3. PROBLEM STATEMENT

   COVID-19, Tuberculosis, and Lung Cancer remain the key diseases that have caused a considerable number of deaths in the world, and the diagnosis of these diseases early in the case depends largely on the skill of the experts in interpreting the chest CT and X-ray films. Radiological assessment however is time consuming, subjective and may be constrained by availability of trained experts particularly in resource limited set ups. Current AI-based diagnostic systems are mostly single-modality image based, do not have a multi-class mode of operation, and are black-box models that do not have easy

   interpretability. The lack of open and credible decision support minimizes clinical confidence and limits the implementation in reality. Thus, a single, precise, and explainable AI framework to analyze both CT and X-ray images and categorize various lung diseases with additional visual support of its predictions is required. The issue that has been covered in this work is to create such an interpretable deep learning system that would boost diagnostic confidence and aid clinicians in the early detection of lung pathologies.

4. EXISTING SYSTEM

   In the previous methods of detecting the abnormality in the lungs, the diagnosis of the problem is highly reliant on the manual review of the chest X-rays and CT scans by radiologists. This is a lengthy process that needs a lot of technical skills and is also likely to be subject to variation because it is subject to human interpretation. Despite the introduction of a number of AI-based methods, the majority of them are limited to the idea of binary classification, determining whether an image is Normal or Abnormal.

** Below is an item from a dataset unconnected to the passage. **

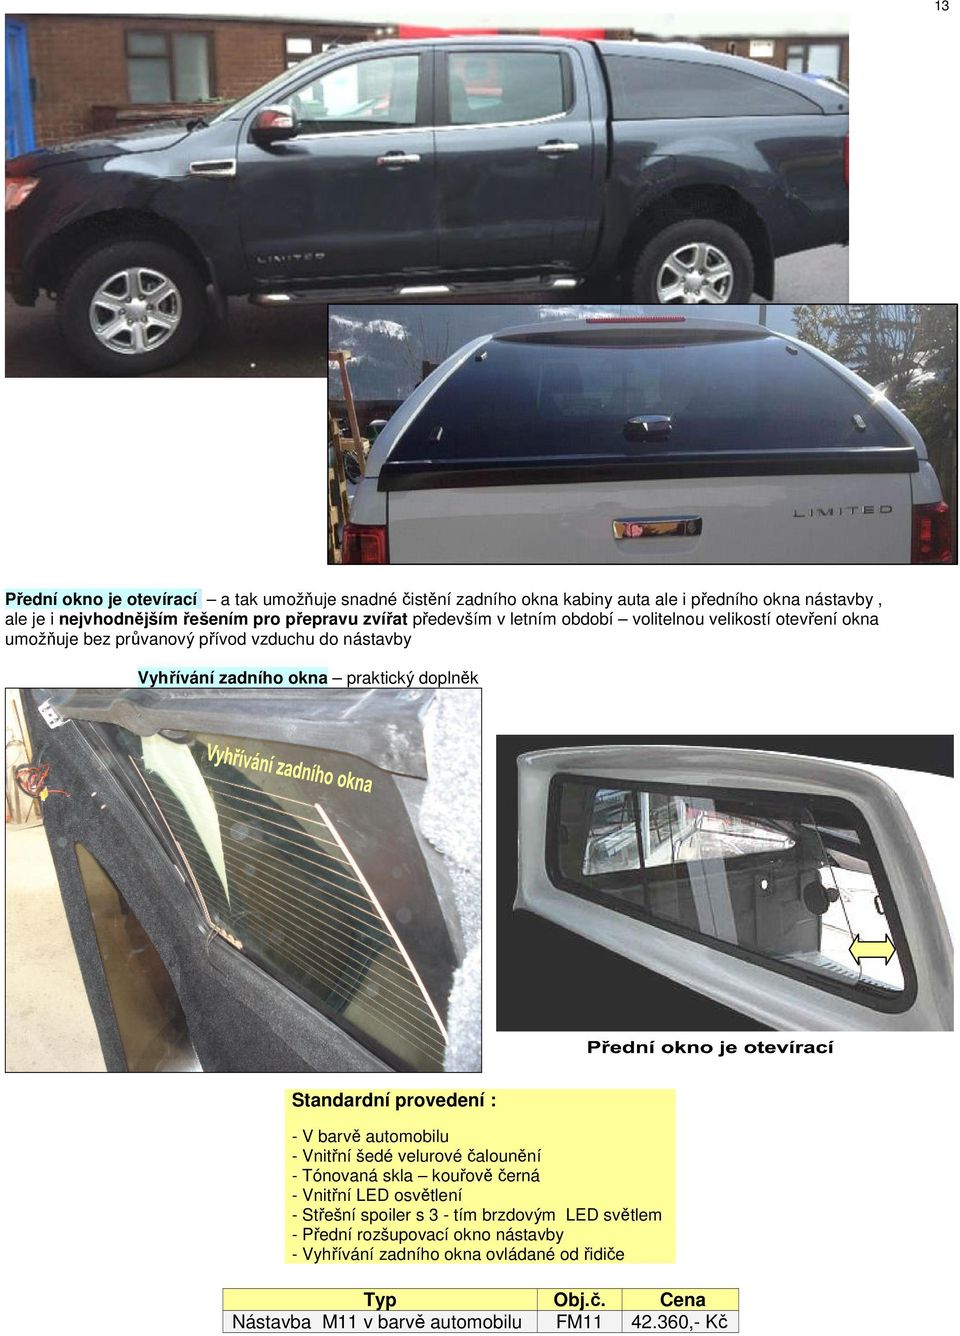 Standardní provedení : - V barvě automobilu - Vnitřní šedé velurové čalounění - Tónovaná skla kouřově černá - Vnitřní LED osvětlení - Střešní spoiler s 3 - tím

These systems do not tend to categorize various illness like COVID- 19, Tuberculosis and Lung Cancer. Moreover, existing models tend to be black-box networks that do not explain in images to justify their forecasts, having limited clinical confidence. Most solutions available also lack real time deployment as well as integration with hospital processes. The limitations of the existing systems render the systems to be inadequate in giving accurate, explainable and multi-class lung abnormality detection which would be required in practical application in the clinic.

5. METHODOLOGY

   Fig 4. Working Flow

   1. Image Preprocessing

      The original CT or X-ray image is initially made quality and pre-processed to be used in the model inference. Images are resized, the pixel values are normalized, the noise is removed, and the contrast is enhanced with the help of Python libraries OpenCV and NumPy. Further details, including histogram equalization and augmentation of data, are implemented to increase the strength of the model to changes in light, orientation, and quality of scans. The preprocessed images are then made in standardized forms as tensors that can be used in deep learning models.

   2. Processing with Deep Learning Model.

      Once the image has been pre-processed, it is subjected to a deep learning architecture, which is a Convolutional Neural Networks (CNNs) improved by transfer learning. Two levels of classification are conducted on the model. The system in the initial step forecasts either it is a Normal image or an Abnormal image. The second stage classifies in multi-class to detect COVID-19, Tuberculosis, or Lung Cancer, in case of abnormality. Neural networks like the TensorFlow and PyTorch are programmed to run, validate and optimize model weights based on large annotated datasets. The trained model provides probability scores of each of the classes.

   3. Explainability Module

      The system will use an explainable AI module based on Grad- CAM and make the system transparent and gain clinical trust. This method underlines important areas of the image that are considered by the model to produce a heatmap that superimposes on the original X-ray or CT scan. The explainability output will enable radiologists to graphically examine why a certain prediction was implemented so that the model is targeting medically significant regions like lesions, nodules, or opacities.

   4. Web Application Deployment

      The last step will be to incorporate the whole pipeline into a web application based on Django and provide real-time diagnostics support. Users are allowed to submit an image in the form of JPG or PNG, and the system does the preprocessing, inference, and heatmap automatically. The web interface shows the classification probabilities (e.g., Normal 10%), COVID-19 19.5% Tuberculosis 85% with the relevant Grad-CAM heatmap. The system can be used with clinical environments, screening facilities, and telemedicine due to the provision of instant feedback through the deployment of the system.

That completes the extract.